▸ **SUPPLIED MATERIAL**
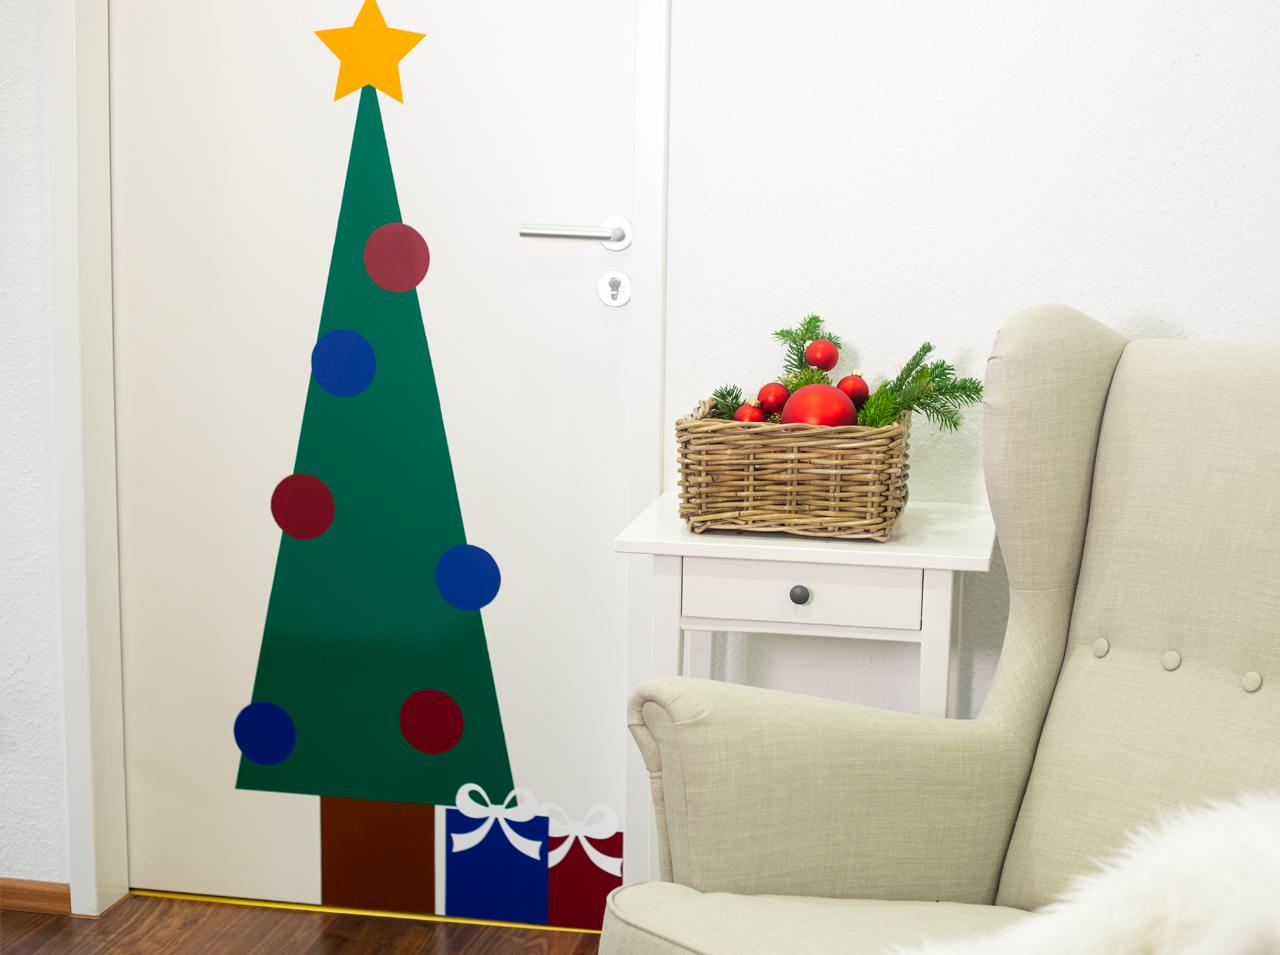 Wie Zeichne Ich Einen Tannenbaum.D C Home Wie Wäre Es Dieses Jahr Mit Einem Platzsparenden
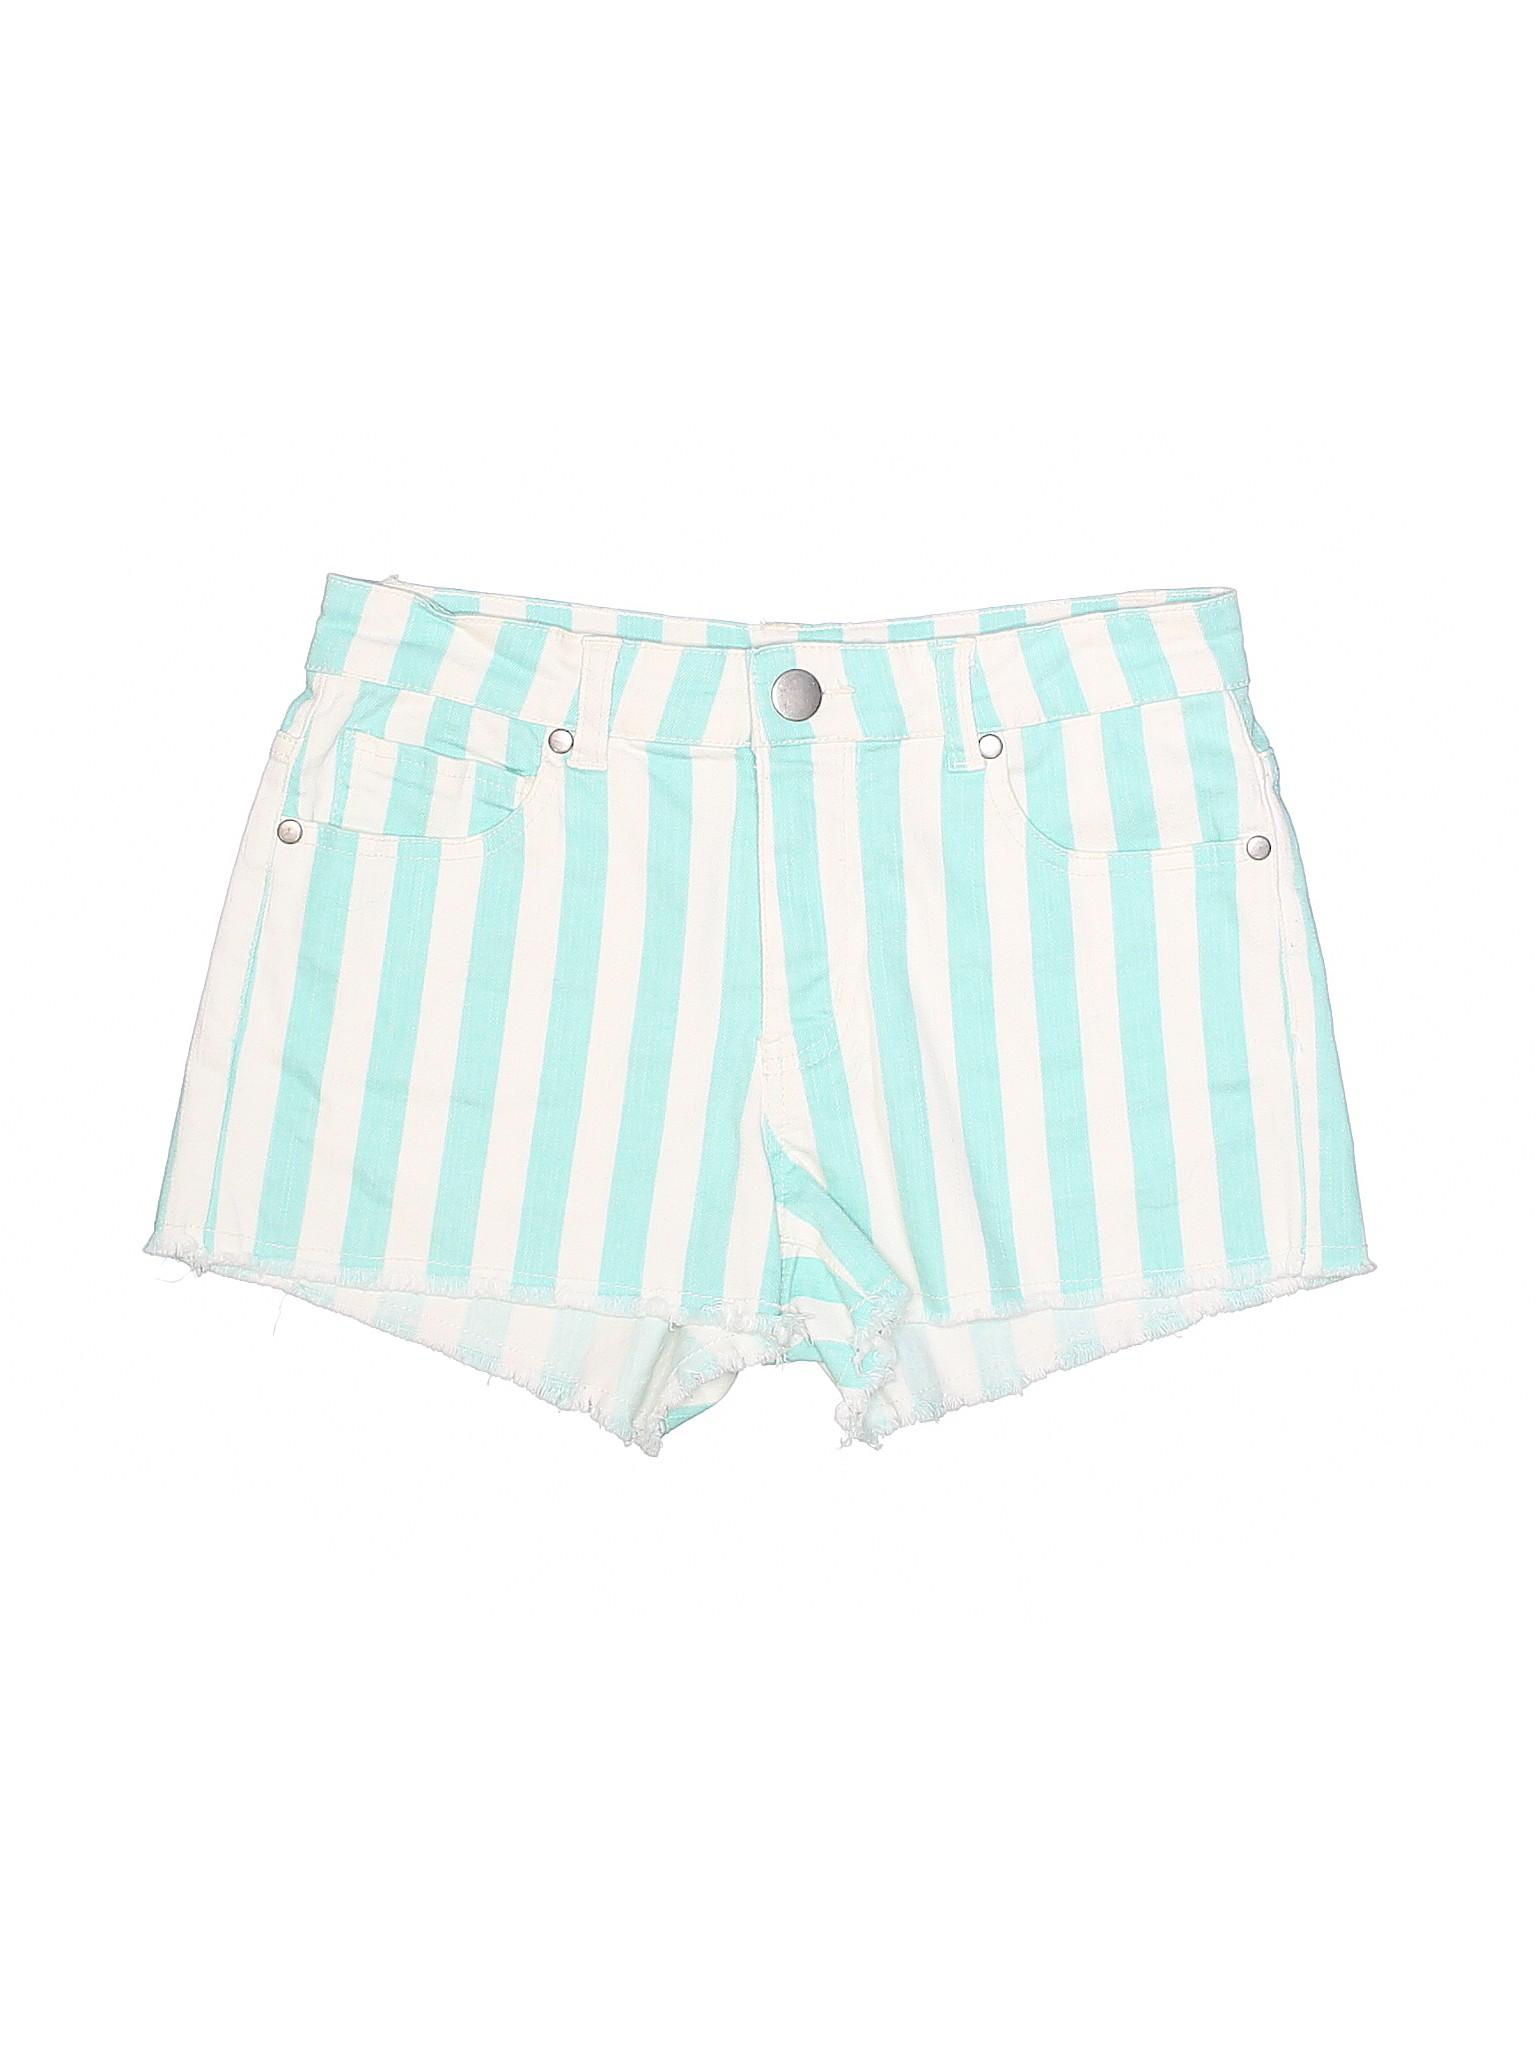 Boutique Forever 21 Boutique Shorts Denim Forever 7wzTaBqw
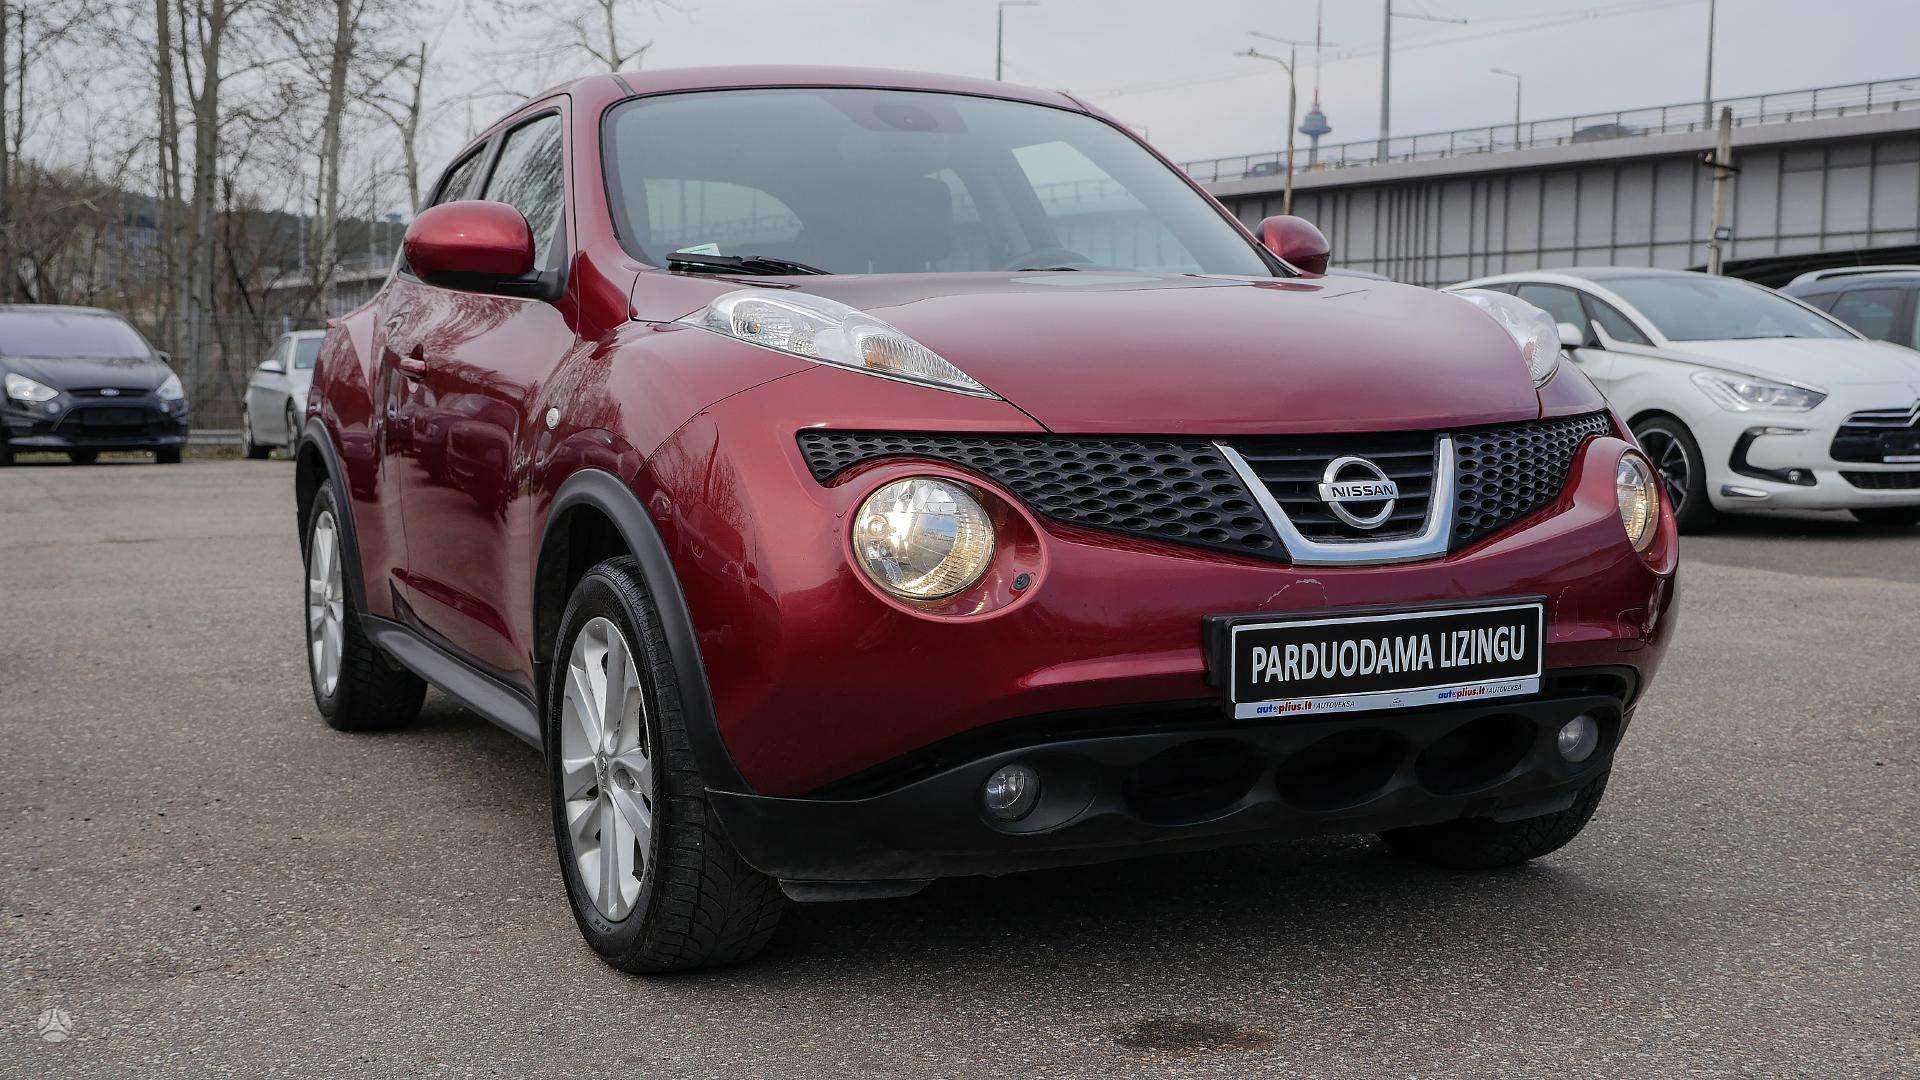 Nissan Juke išsimokėtinai nuo 116Eur/mėn su 3 mėnesių garantija

▸ **WORK ITEM**
Print every line above exactly. Leave the pictures out.

▸ **RESPONSE AREA**
 Wie Zeichne Ich Einen Tannenbaum.D C Home Wie Wäre Es Dieses Jahr Mit Einem Platzsparenden
 Boutique Forever 21 Boutique Shorts Denim Forever 7wzTaBqw
 Nissan Juke išsimokėtinai nuo 116Eur/mėn su 3 mėnesių garantija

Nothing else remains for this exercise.